Friday, 18 December 2009

COP15 confusion a COP-out, says activist

Lisa Williams-Lahari, Climate Pacific media
Friday 18 December 2009,COPENHAGEN--When one delegate laughed to another "let  us pray" when sitting to lunch on day 12 of COP15,  it was not the food they were referring to. Process and rules of procedure for COP meetings have borne the brunt of frustrated groupings, particularly from developing country and small islands nations who are feeling marginalised and disowned by what they call a lack of transparency. Even the much awaited whistle stop visit by US President Obama, despite stopping traffic and stirring media and delegates into a frenzy, roused other world leaders wanting to vent as the reality of a political agreement rather than a legally binding outcome set in. We caught up with COP veteran, Cook Islander Diane McFadzien, who had spent her one hour of sleep in the last 30 hours or so, at the Bella Centre:
TRANSCRIPT: DMcF: I think there's a lot that can still be done but also at this stage of the process, we don't even know what we're really going to get at the end of today. We still have a lot of text that's still in draft form, or absolutely full of brackets. Theres almost every option on the table. The good the bad, it's just sad. I don't even know what we will end up with.

LWL: Is this the scenario you expected, even at its worst, before you came to COP15?
DMcF: No.
LWL: What did you expect?
DMcF: I think I expected things to be run a little bit more transparently. I think a lot of the problem why so many of us don't know really know what we're getting is at the moment there's a lot of rumours going around...LWL: In all the years you've been at COP and you've been at many, how does this one compare?
DMcF: It's the most confusing COP I've ever been to. It's a COP where nobody knows what is going on. It's my least enjoyable COP.
(on the question of whether the leaders should take a 2deg. or more deal or walk)
DmcF: I don't know what our leaders will do but personally I wouldn't sign a deal that was a suicide pact.
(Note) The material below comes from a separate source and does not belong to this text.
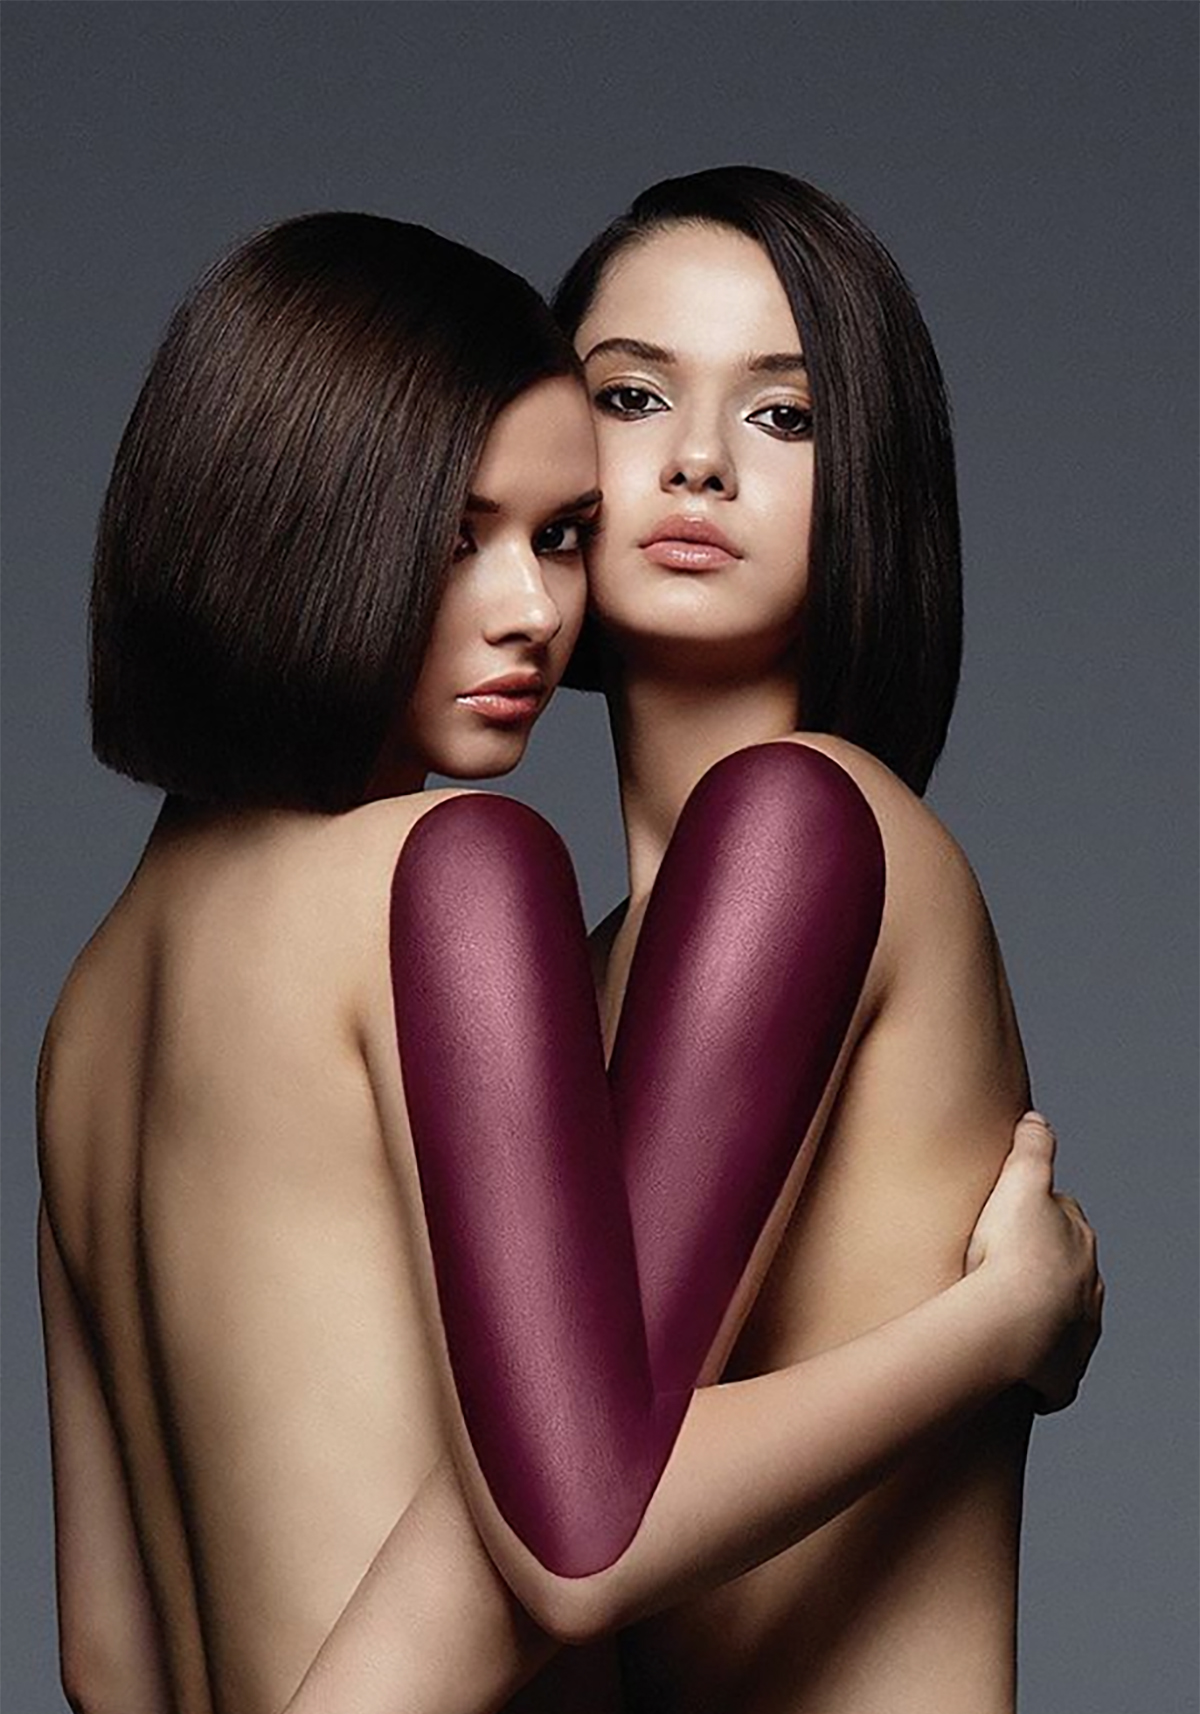 Twin models posing together

I don't think that I would come here and represent my country and sign the dotted line on something that I knew woudl put my countrys' existence under threat. If I was a leader, l wouldn't do it.
LWL: As an NGO activist then, any last words, in the last hours?
DMcF:  ENDS
I have to keep thinking optimisticaly. People keep telling me deals can be made at the last minute behind closed doors. So I kind of hope that some of our leaders will hold on strong and push their way through. I don't know if it's possible but I just hope they will do something that will just make us proud.